My original head unit gave out on me, so I picked up the cheapest one I could find that day from BestBuy. A bluetooth FM transmitter would allow me to connect my phone to the transmitter, which would send audio via an FM signal that my head unit could pick up. Thus eliminating an AUX cable running from my deck to my phone as well (as I have currently).

If the sound quality is half decent it's a good option.


----------



## nunyazz (Jun 6, 2011)

blaineevans said:


> If the sound quality is half decent it's a good option.


That'the problem, FM trasmitter quality is .... crap.


----------



## blaineevans (Jul 11, 2011)

nunyazz said:


> That'the problem, FM trasmitter quality is .... crap.


Is it?


----------



## idefiler6 (Sep 3, 2011)

I think I spent about $150 on my Alpine from Crutchfield, full BT capability plus a mic. Does voice dial too, and the installation was free (me)!


----------



## czeph (Jun 18, 2011)

Proclip FTW. I also use Belkin Bluetooth Car Hands Free Kit http://www.amazon.com/gp/product/B004CLYJ2I/ref=oh_details_o04_s00_i00. Plugged in to my aux input on my headunit and all the wires are behind the dashboard. I just wish Google Music had gestures like Power Amp so I didn't have to push the button to skip forward/back (my steering wheel controls the volume but NOT the tracks).


----------



## antintyty (Jun 21, 2011)

I use an FM Transmitter too, my head unit doesn't have a aux plug on it...sound quality is crap, but it gets the job done,...at least until I can buy a new unit.


----------



## blaineevans (Jul 11, 2011)

antintyty said:


> I use an FM Transmitter too, my head unit doesn't have a aux plug on it...sound quality is crap, but it gets the job done,...at least until I can buy a new unit.

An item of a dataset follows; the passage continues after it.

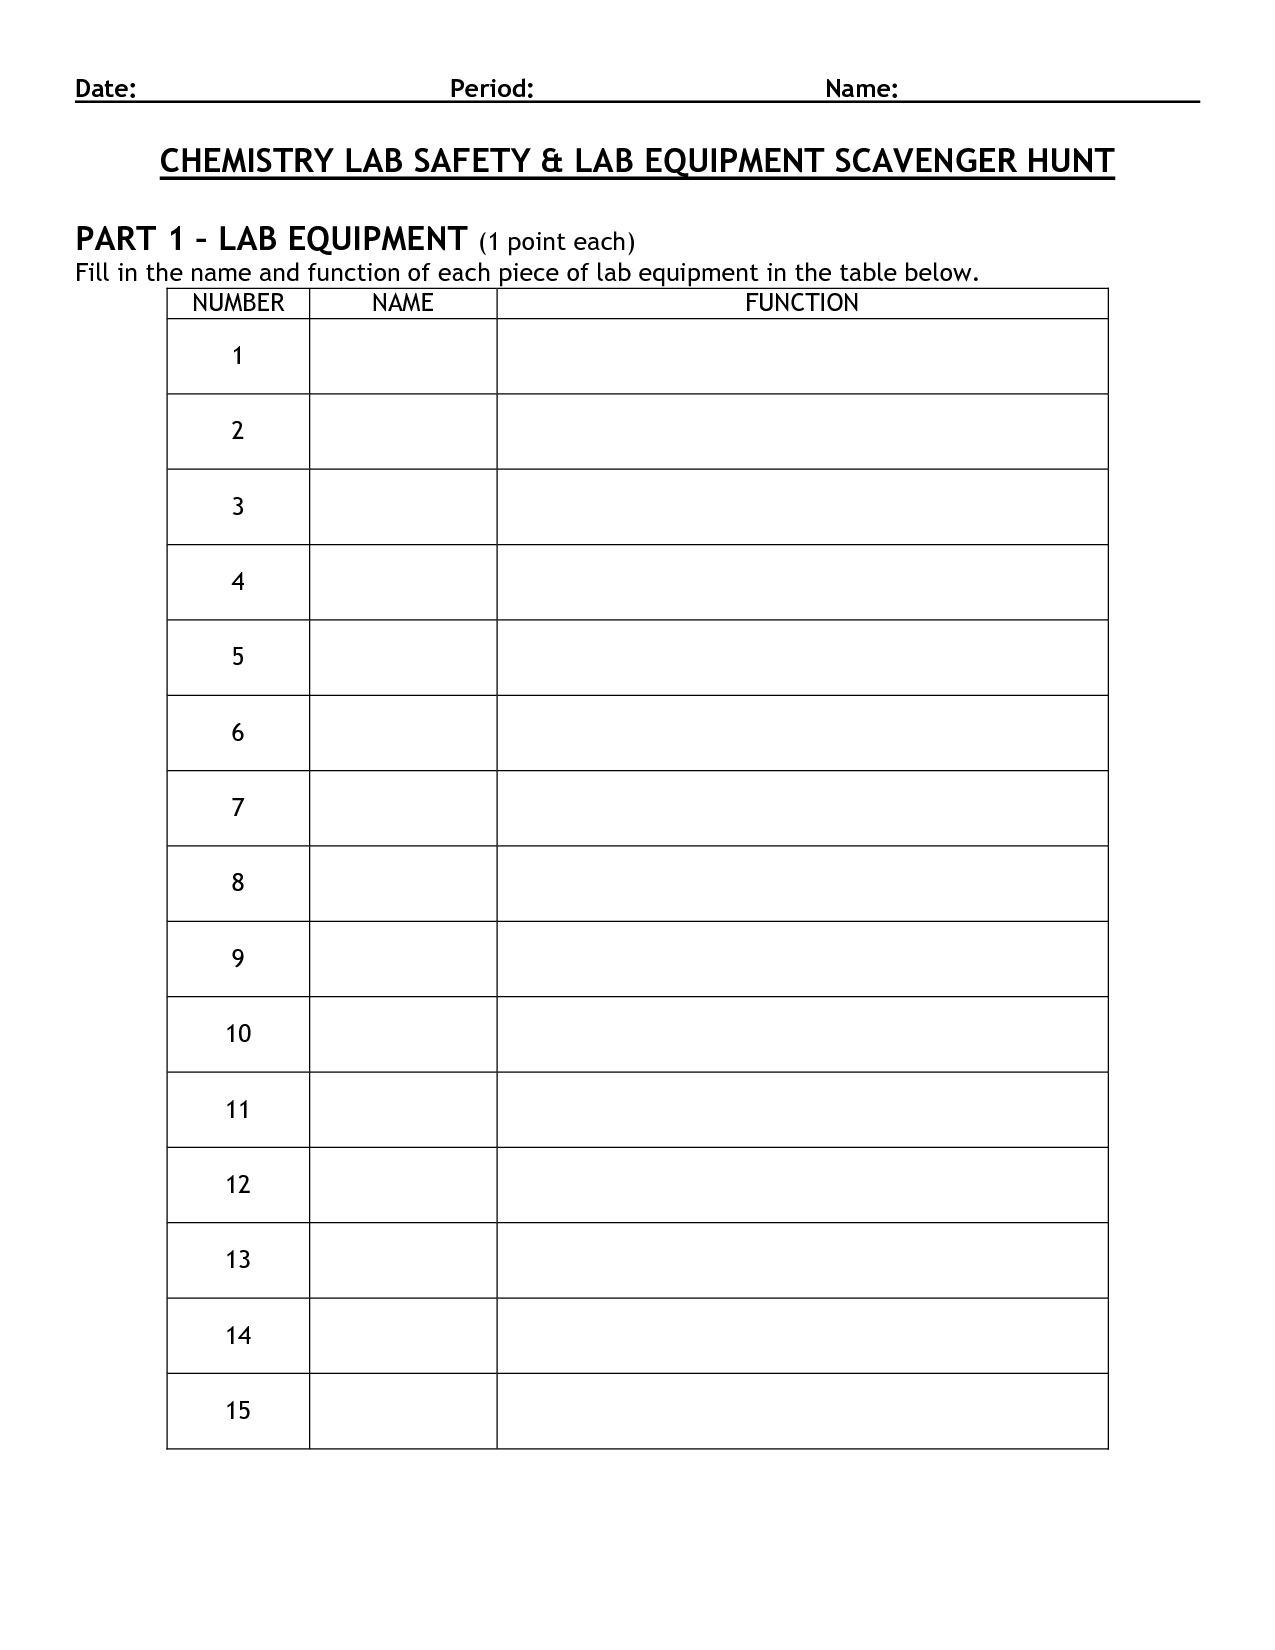 9 Best Images of Chemistry Lab Equipment Worksheet - Science Lab

Well shit. I hate these damn cables. Why do I have to be so cheappp.

On Topic: Ordering the exo. I really like the idea of the Tetrax, but I think it's one of those "in theory" ideas.

Sent from my Galaxy Nexus using Tapatalk 2


----------



## DrMacinyasha (Jun 6, 2011)

idefiler6 said:


> I think I spent about $150 on my Alpine from Crutchfield, full BT capability plus a mic. Does voice dial too, and the installation was free (me)!


And for some people, $150 is a lot of money.









As far as the quality goes, I've stuffed my FM transmitter right behind the Nexus in the Exomount, and whenever LTE fires up to stream something, you can definitely hear interference. However, if I'm playing a song or something I can rarely notice it. Sound quality's decent since the channels on either side of the channel I use are low-power public radio stations.


----------



## blaineevans (Jul 11, 2011)

DrMacinyasha said:


> My car has the stock radio, which only has an AM/FM radio, and CD player. No aux inputs, tape deck, bluetooth, or anything else.
> 
> And for some people, $150 is a lot of money.
> 
> As far as the quality goes, I've stuffed my FM transmitter right behind the Nexus in the Exomount, and whenever LTE fires up to stream something, you can definitely hear interference. However, if I'm playing a song or something I can rarely notice it. Sound quality's decent since the channels on either side of the channel I use are low-power public radio stations.


My lady would kill me if I spent MORE money on my car right now. Therefore, a new head unit is not an option, hahaha.

Sent from my Galaxy Nexus using Tapatalk 2


----------



## DrMacinyasha (Jun 6, 2011)

blaineevans said:


> My lady would kill me if I spent MORE money on my car right now. Therefore, a new head unit is not an option, hahaha.


I hear ya. Things are tight for me, though a car dock with Bluetooth would be mighty sweet. Maybe I'll get one... Some day... Right after I buy an OEM car dock and mod it to have pogo pins, and run a USB cord to the dock inside my car's panels so it's all out of sight.


----------



## blaineevans (Jul 11, 2011)

DrMacinyasha said:


> I hear ya. Things are tight for me, though a car dock with Bluetooth would be mighty sweet. Maybe I'll get one... Some day... Right after I buy an OEM car dock and mod it to have pogo pins, and run a USB cord to the dock inside my car's panels so it's all out of sight.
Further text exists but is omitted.